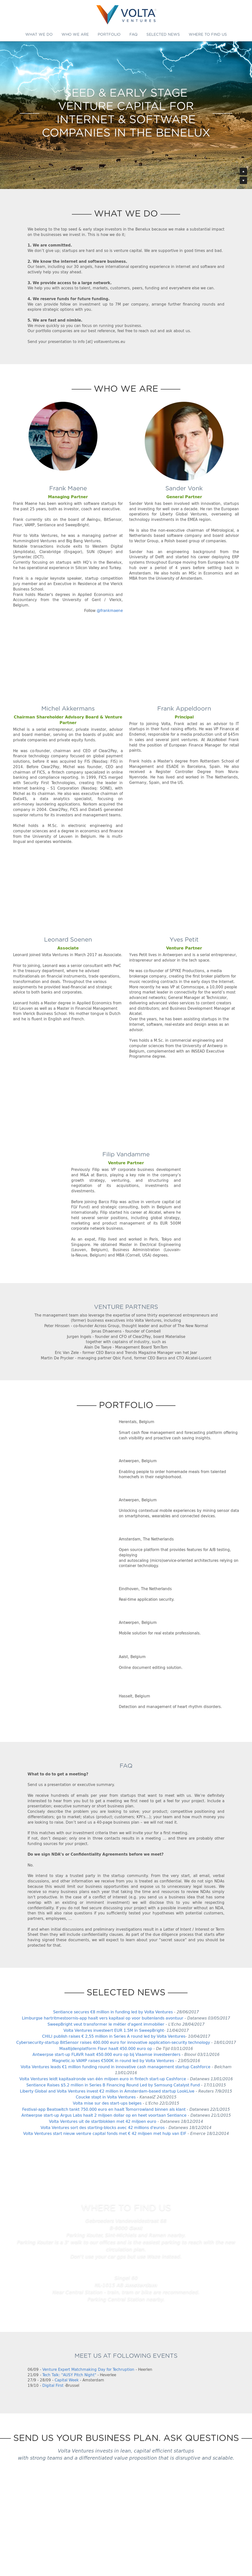 venture capital matchmaking
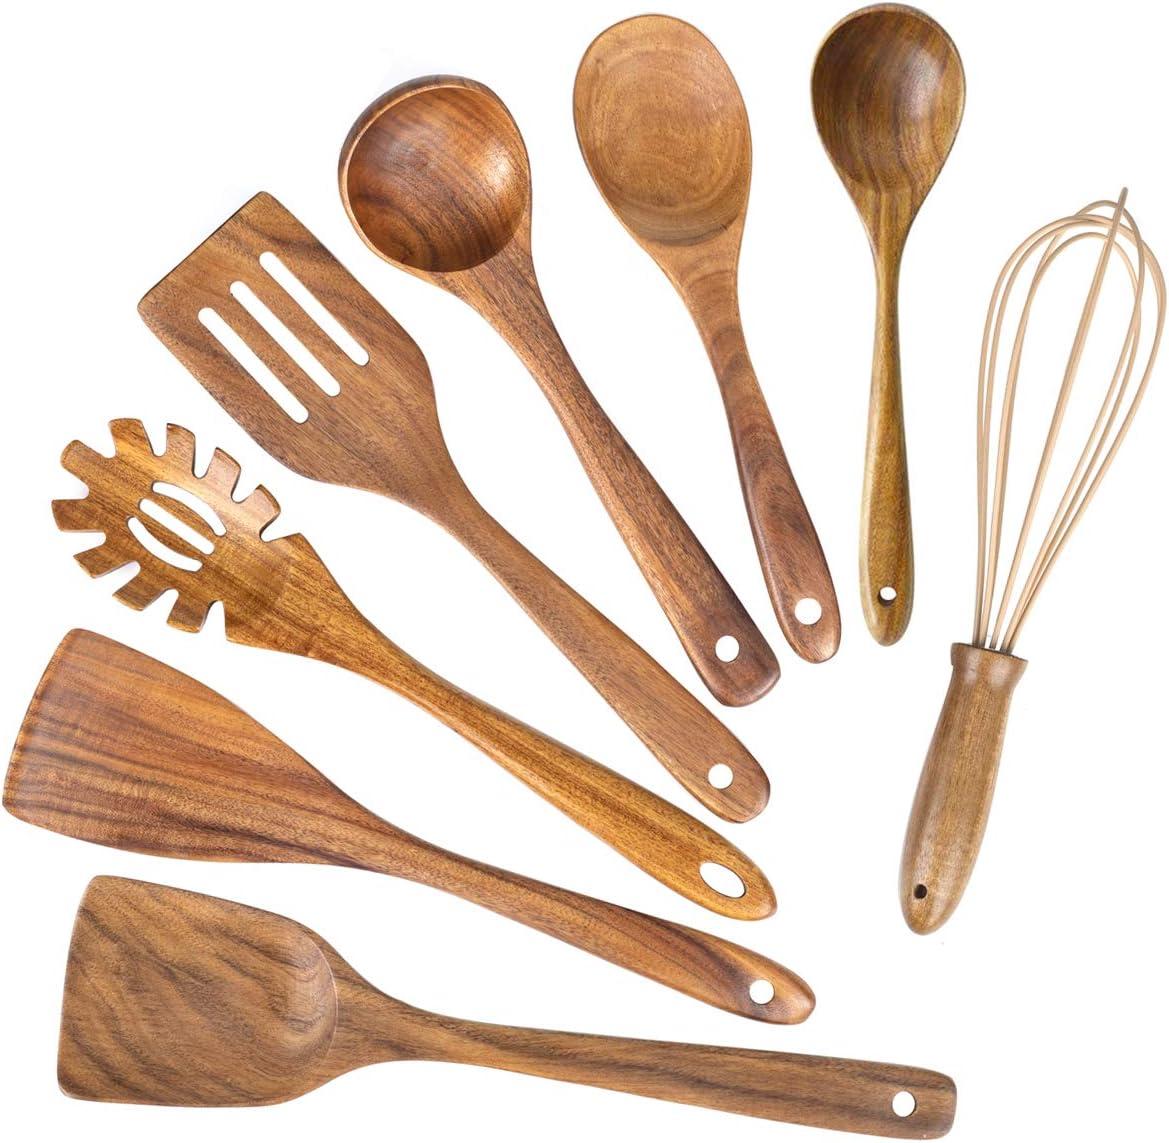 Wooden Kitchen Utensils 5 ☆ very popular for Cooking Natural Wood Teak Se Free shipping Utensil
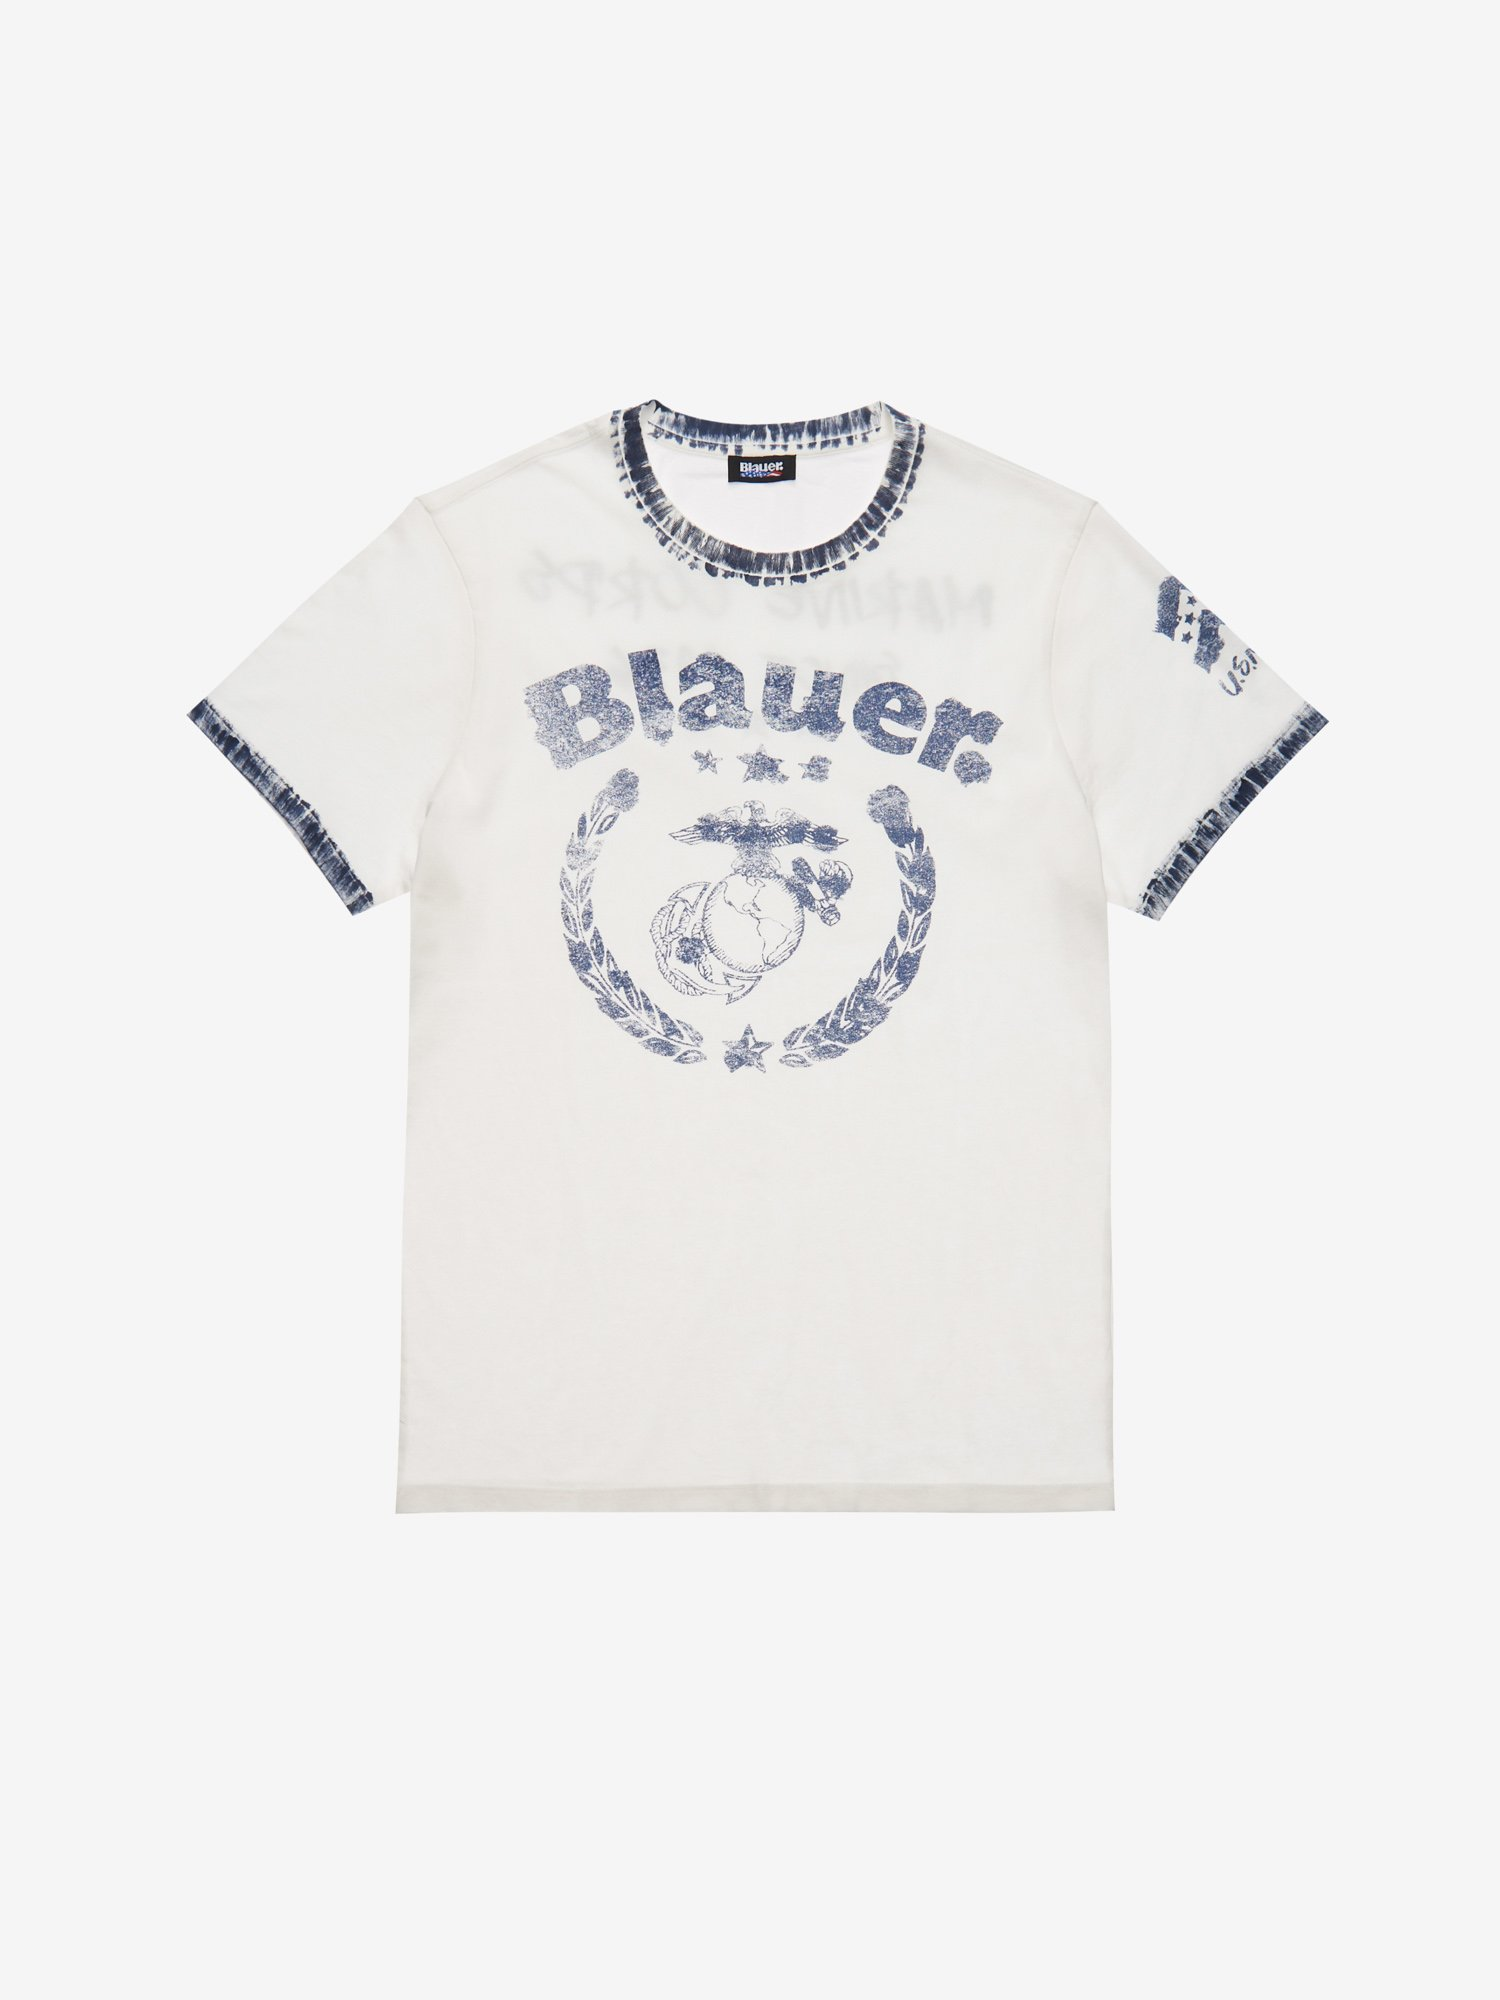 Blauer - T-SHIRT MARINE - Avorio - Blauer

◇ ◇ ◇ ◇

_Problem requirements:_
From the listing, extract all text exactly as given and drop any picture.

_Reply:_
 venture capital matchmaking
 Wooden Kitchen Utensils 5 ☆ very popular for Cooking Natural Wood Teak Se Free shipping Utensil
 Blauer - T-SHIRT MARINE - Avorio - Blauer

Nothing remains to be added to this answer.